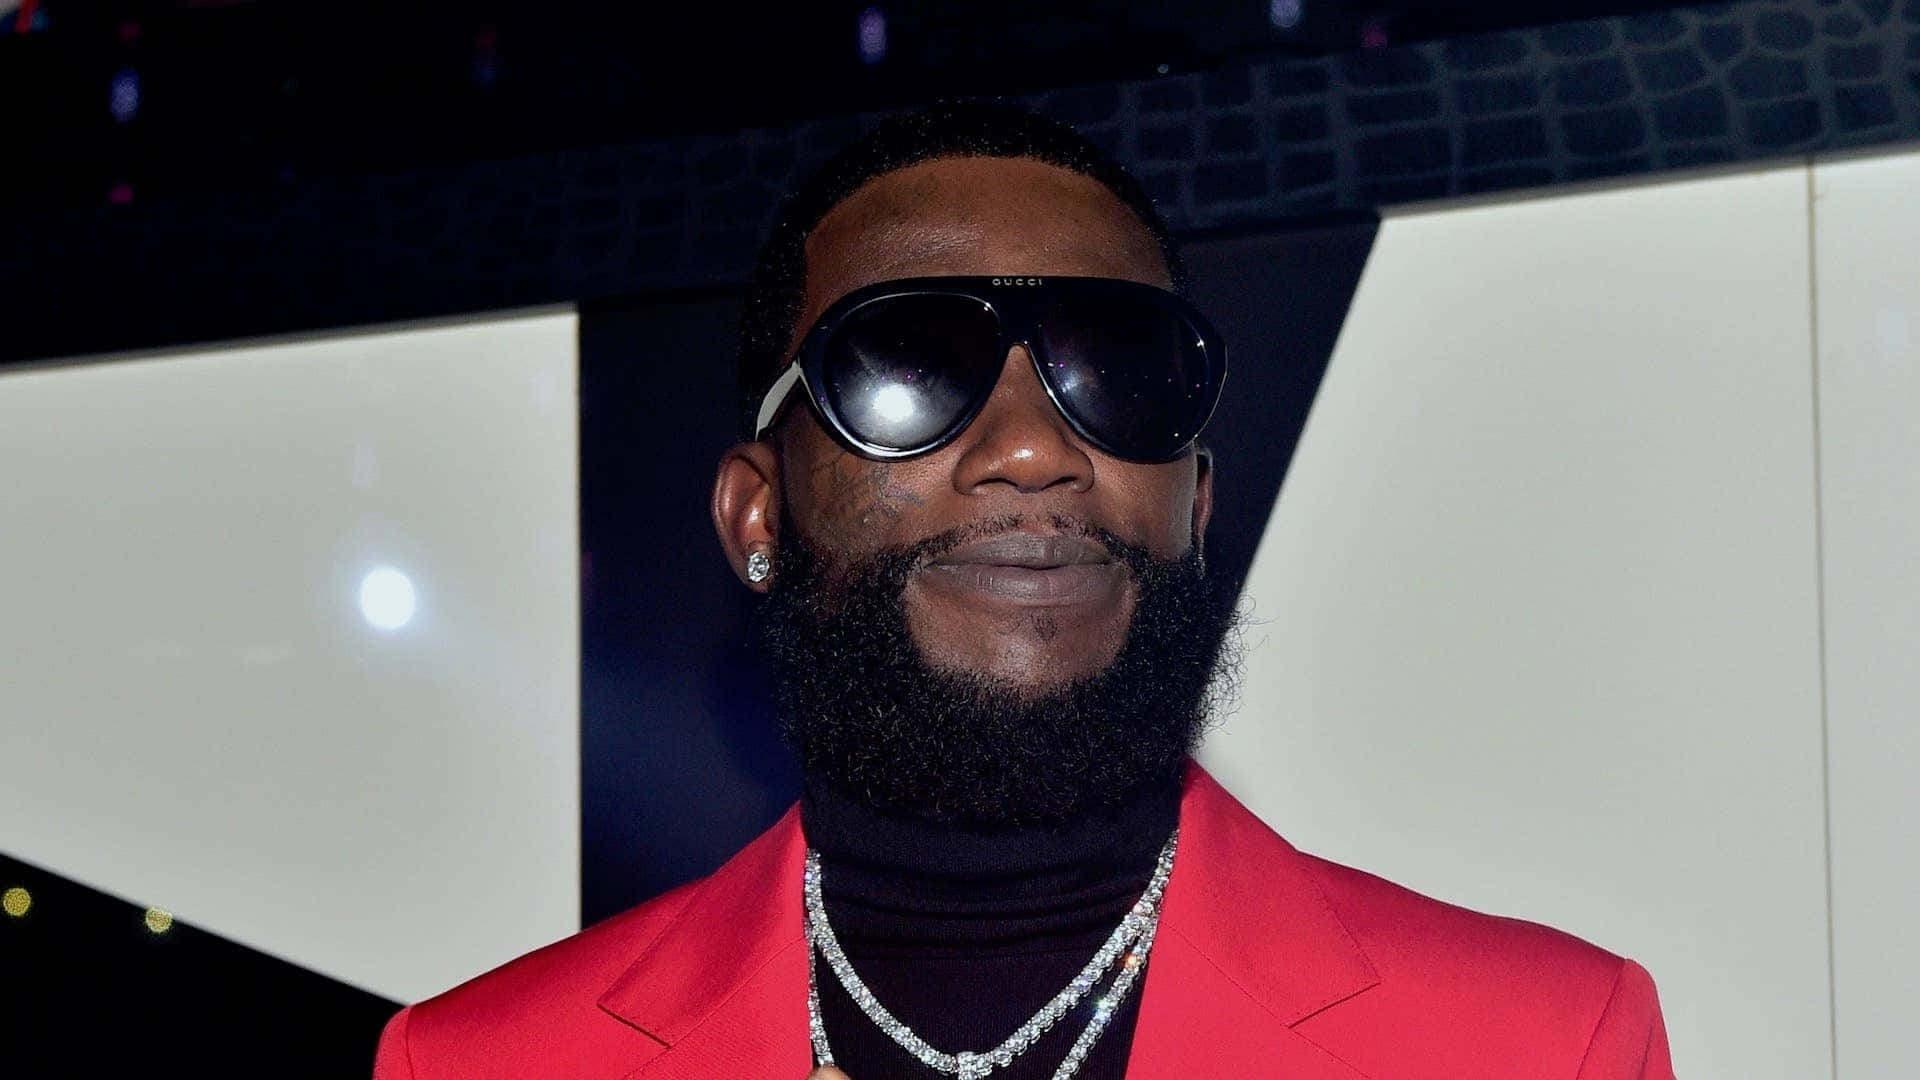 Gucci Mane Red Suit Event Background
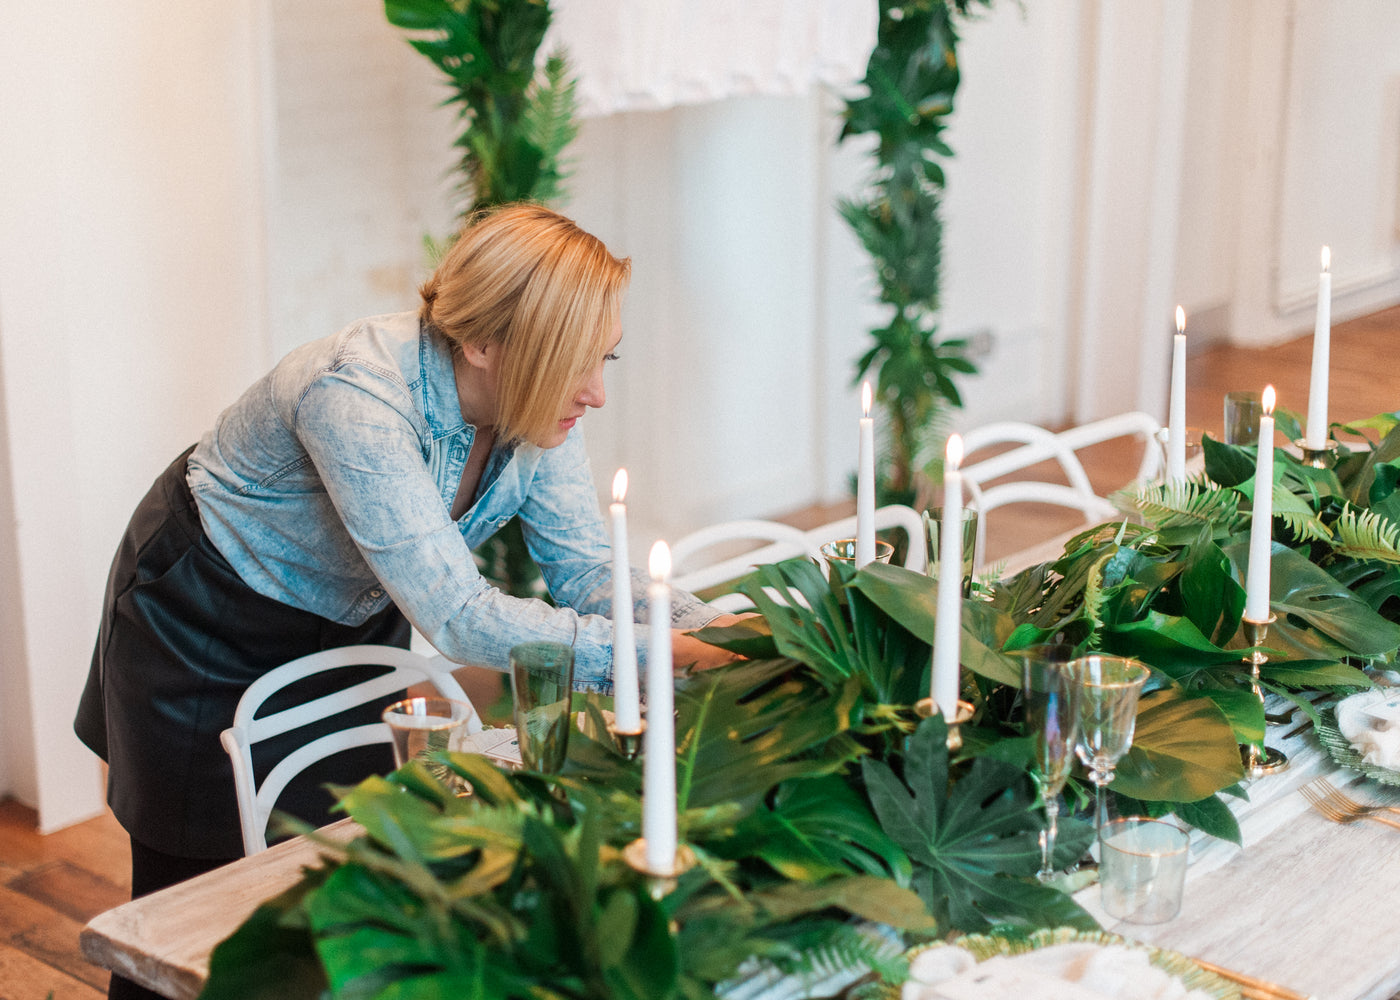 my life in flowers: Claire Sankey
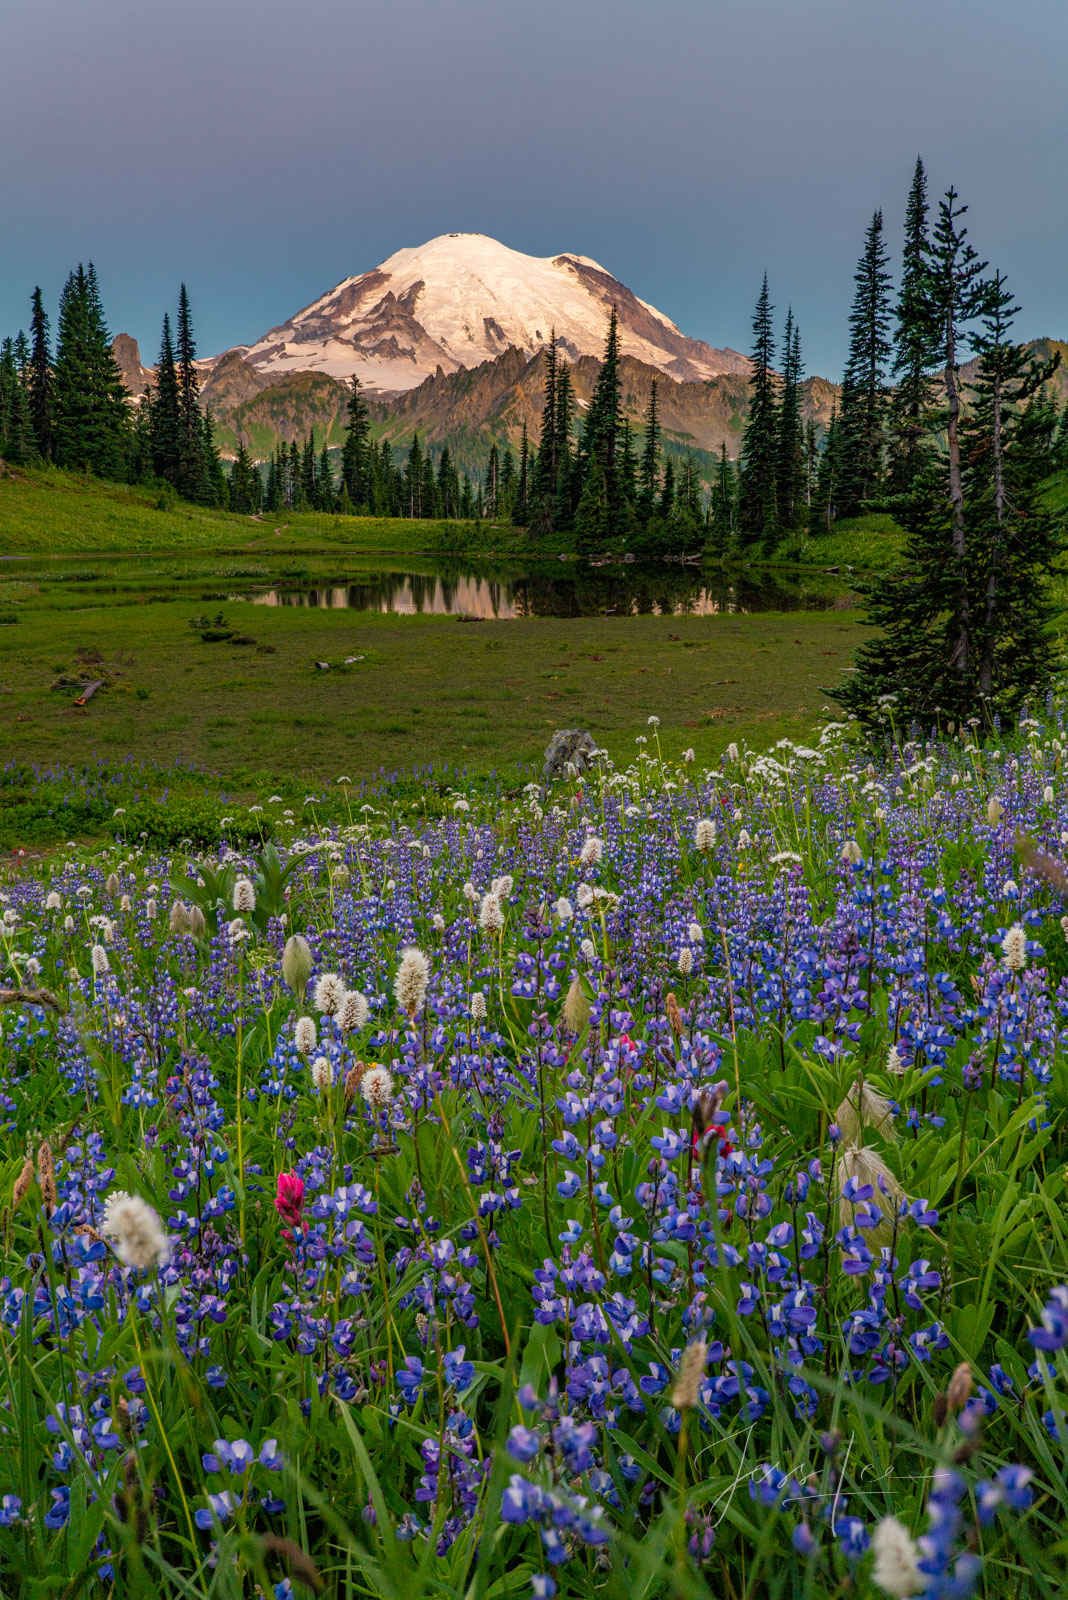 Mt Rainier Sunrise, Tipso Lake reflection and summer Lupine flowers make a beautiful picture of the splendor of Mt. Rainier National...

- [Assignment] Leaving every image behind, repeat the data in full and exactly.

- [Task response]
 Gucci Mane Red Suit Event Background
 my life in flowers: Claire Sankey
 Mt Rainier Sunrise, Tipso Lake reflection and summer Lupine flowers make a beautiful picture of the splendor of Mt. Rainier National...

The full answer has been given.